§ Task details:
From the material below, please set down exactly the lines starting with the one with "Blacksmith wearing a" and going on through the one with "Graph showing Figure", without a single picture.

§ Supplied data:
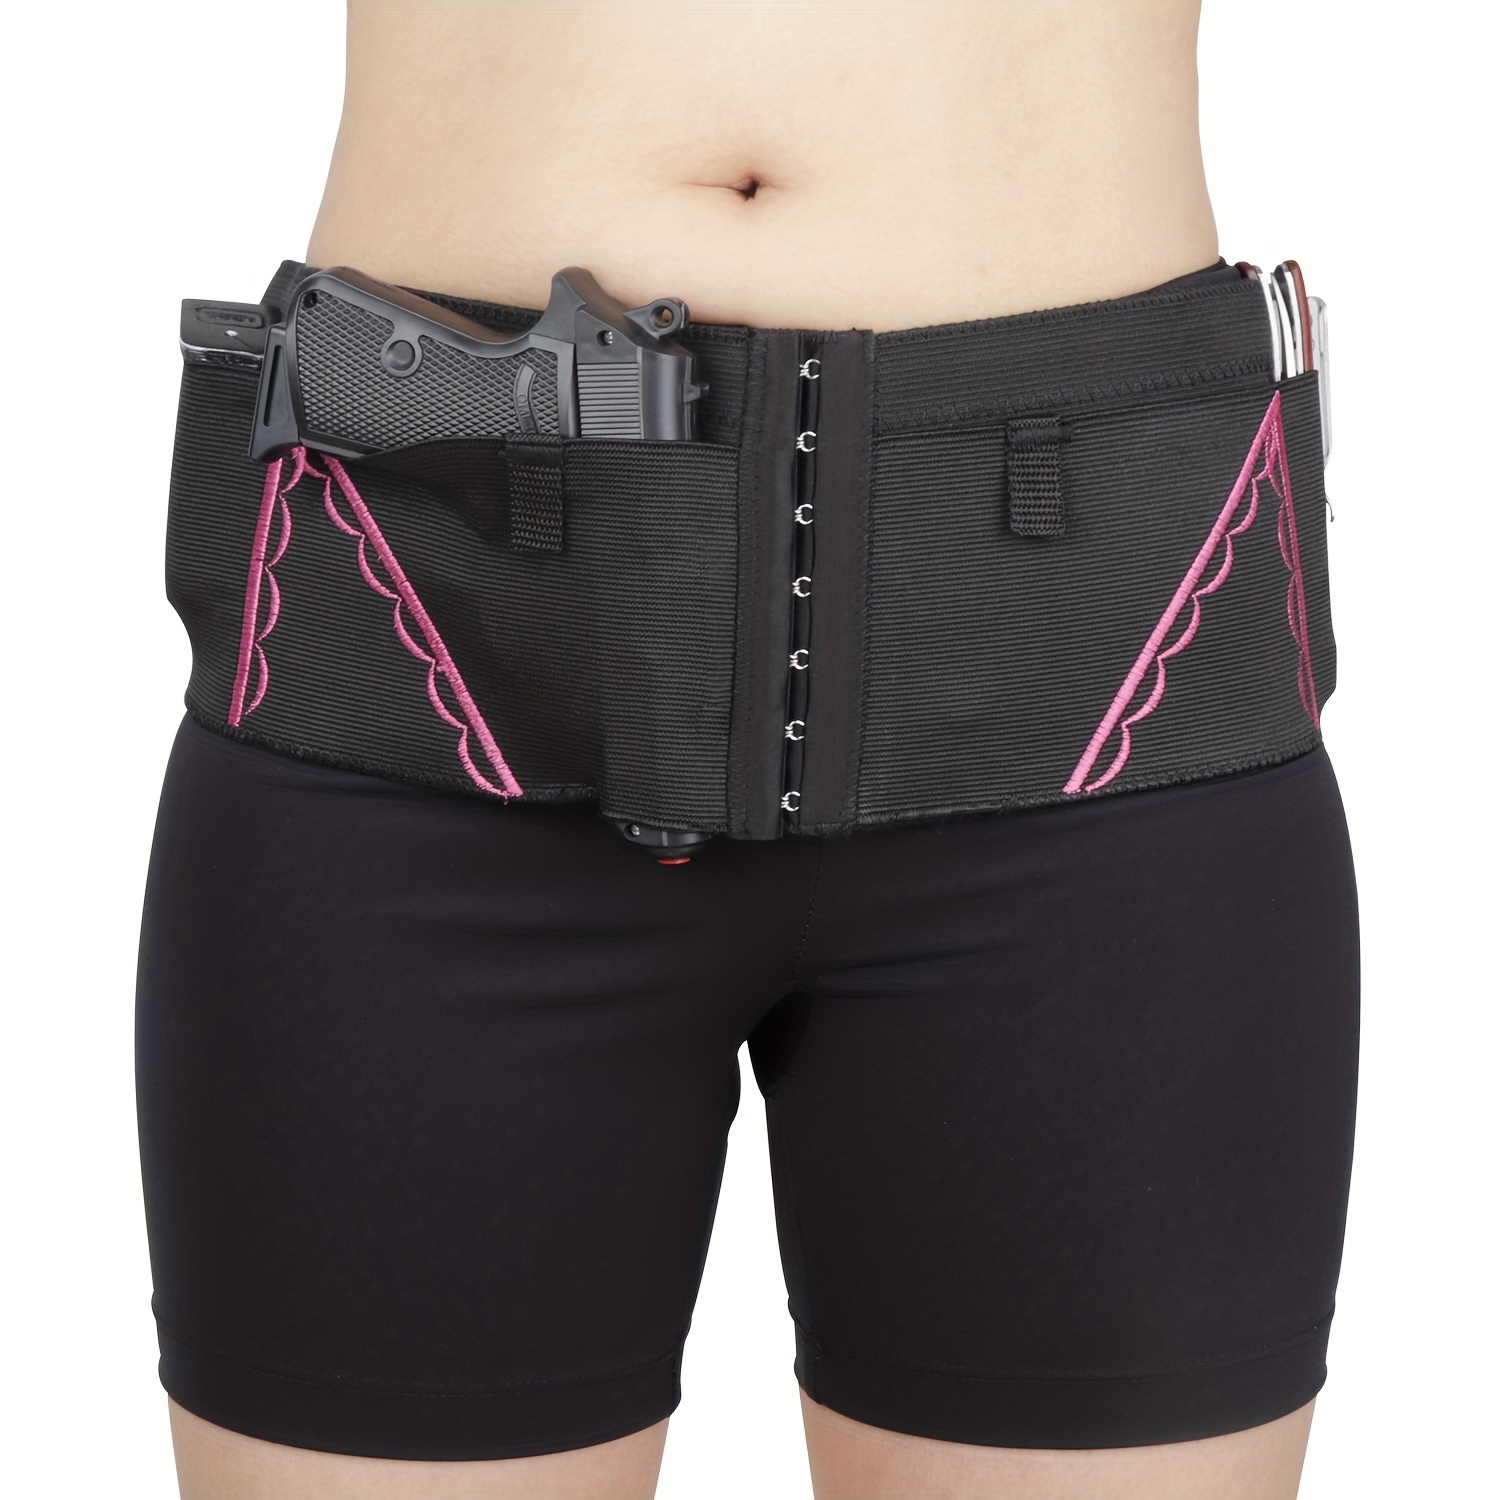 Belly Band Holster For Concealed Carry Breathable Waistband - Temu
--
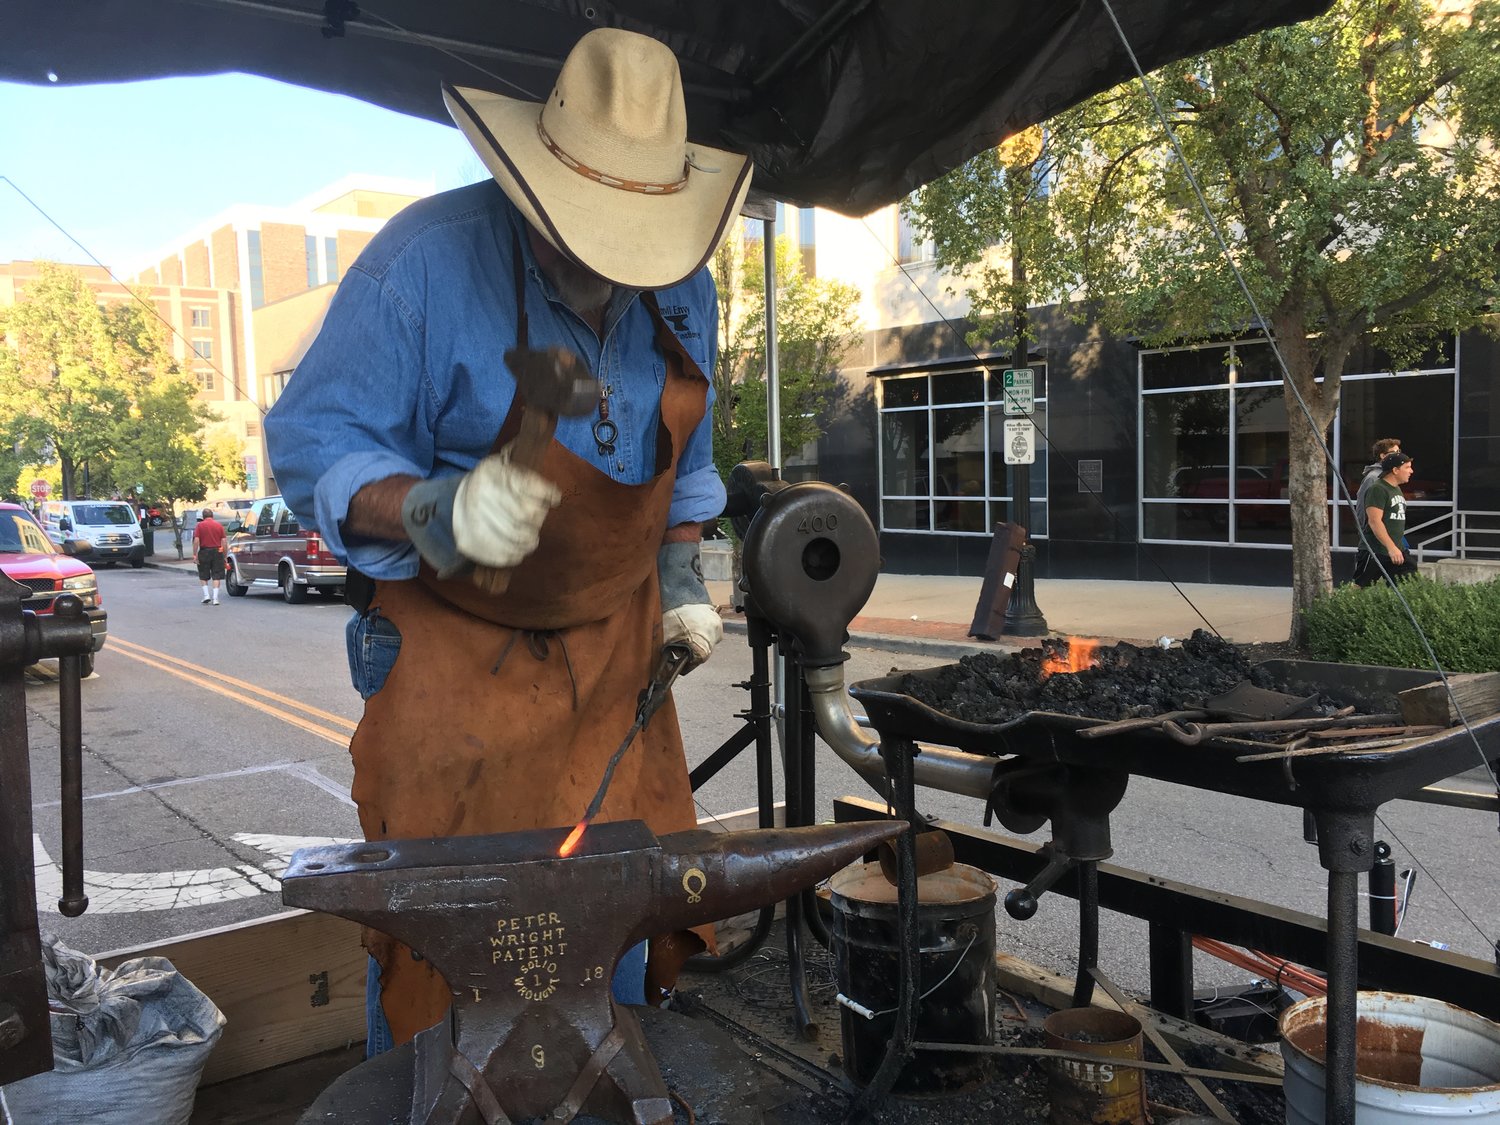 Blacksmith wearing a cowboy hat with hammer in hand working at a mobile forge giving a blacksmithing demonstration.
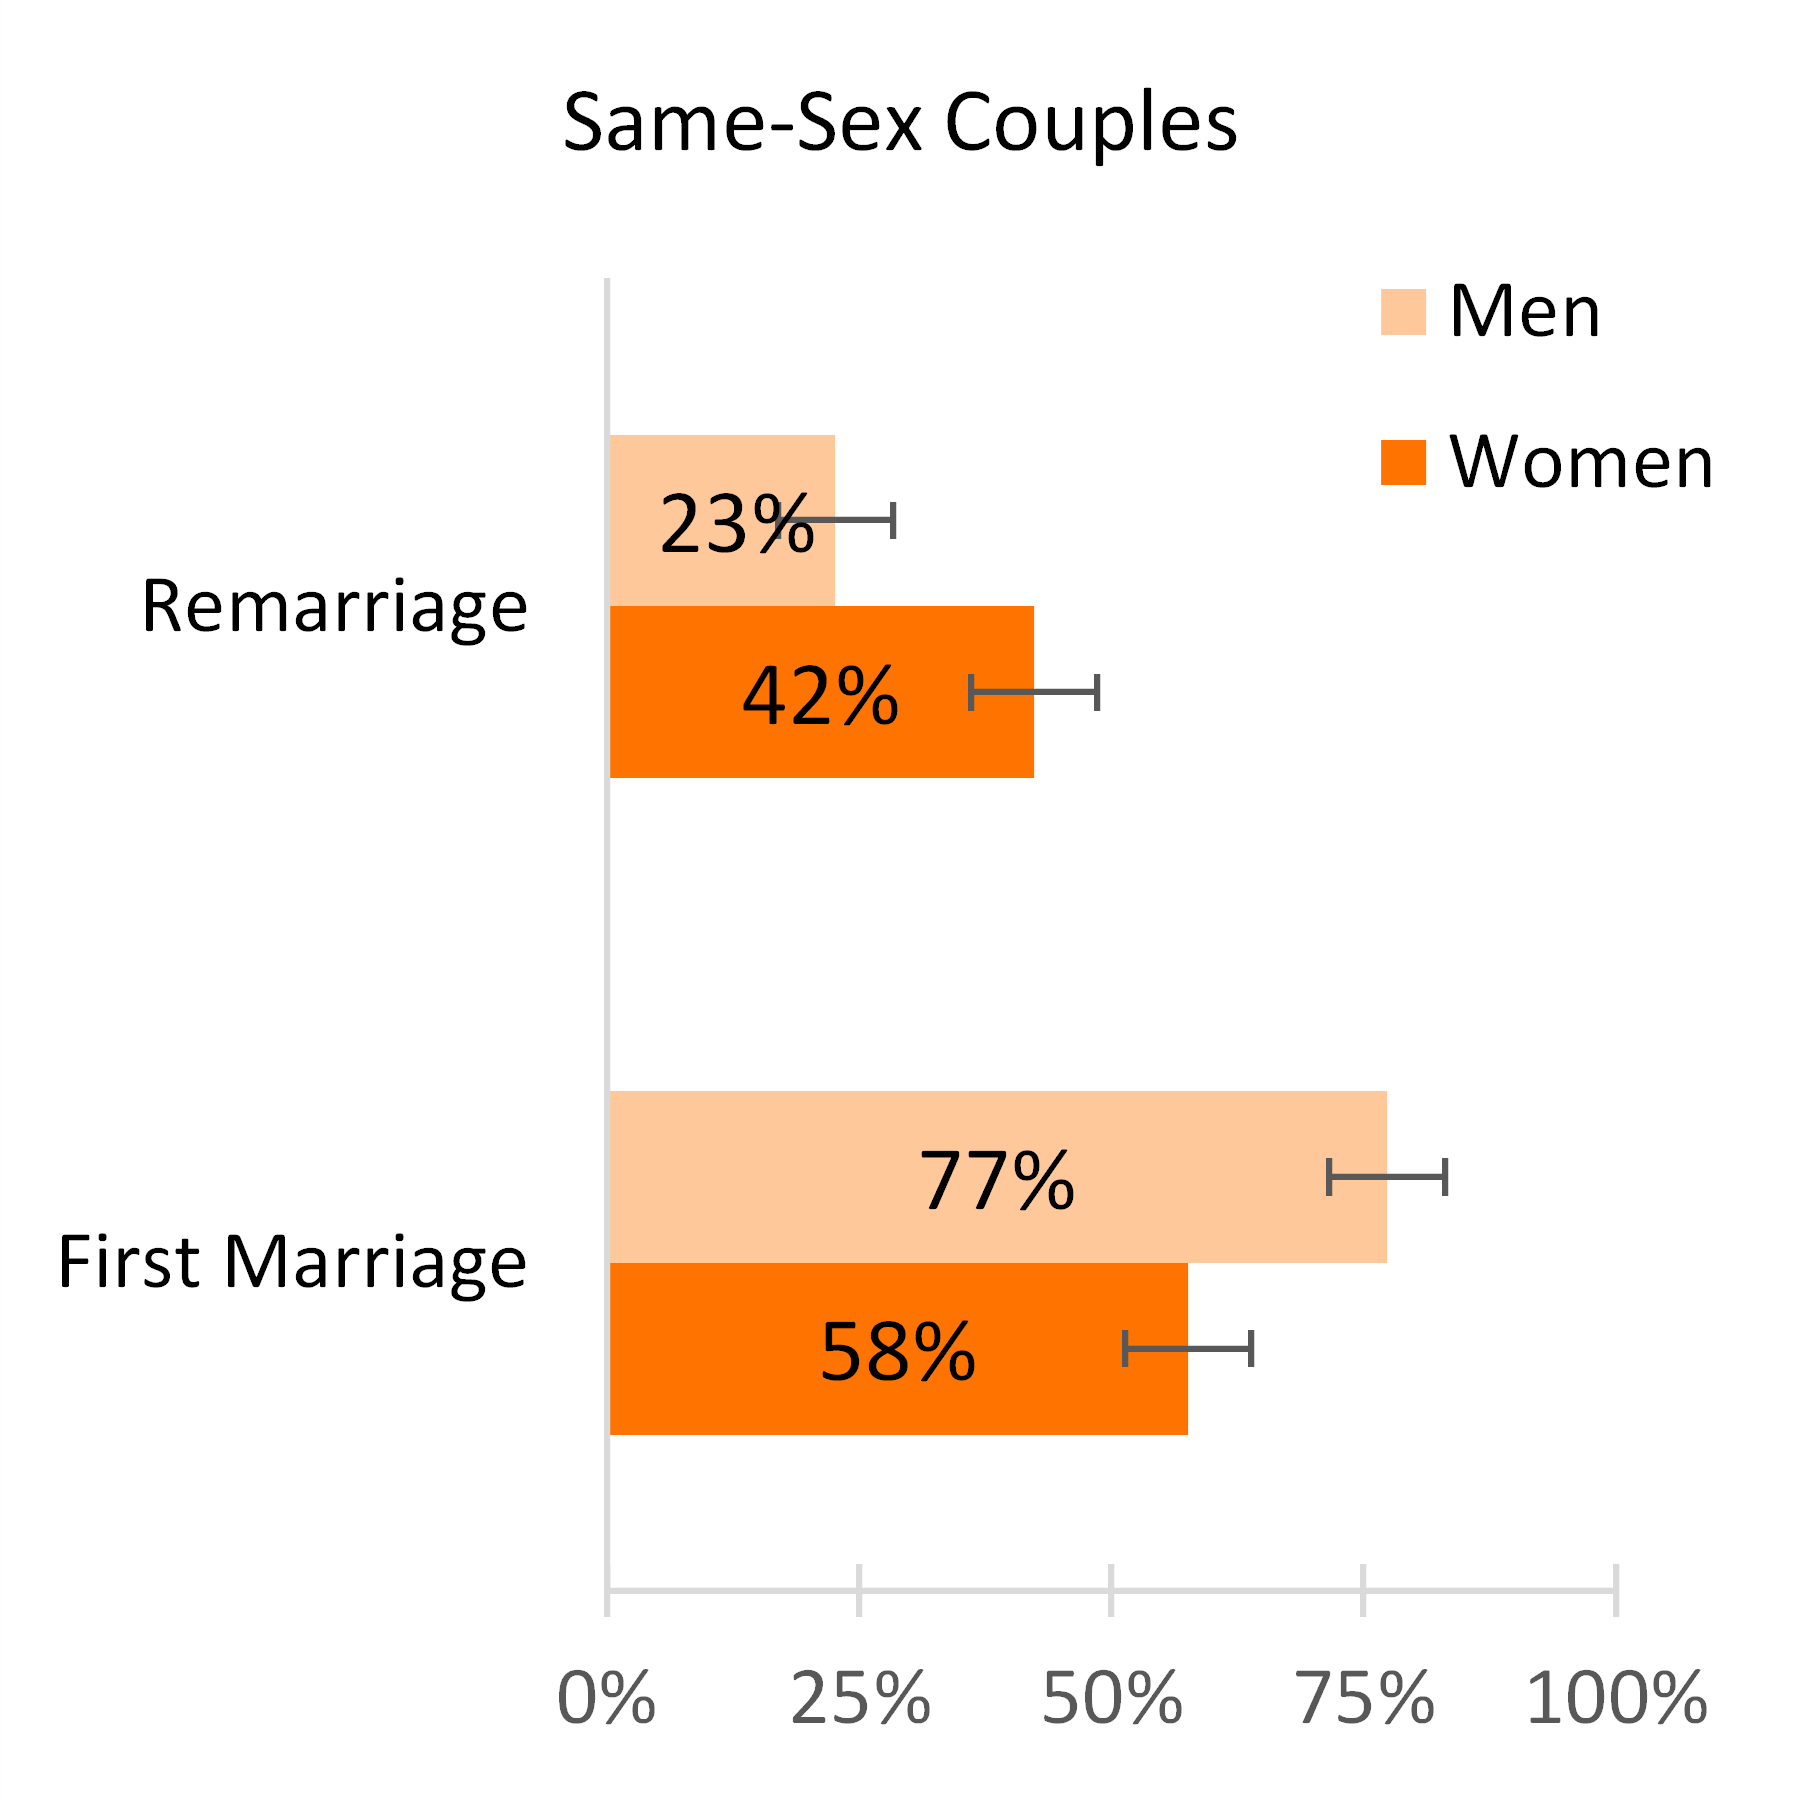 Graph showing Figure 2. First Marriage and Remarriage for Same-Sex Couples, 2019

§ Answer section:
 Blacksmith wearing a cowboy hat with hammer in hand working at a mobile forge giving a blacksmithing demonstration.
 Graph showing Figure 2. First Marriage and Remarriage for Same-Sex Couples, 2019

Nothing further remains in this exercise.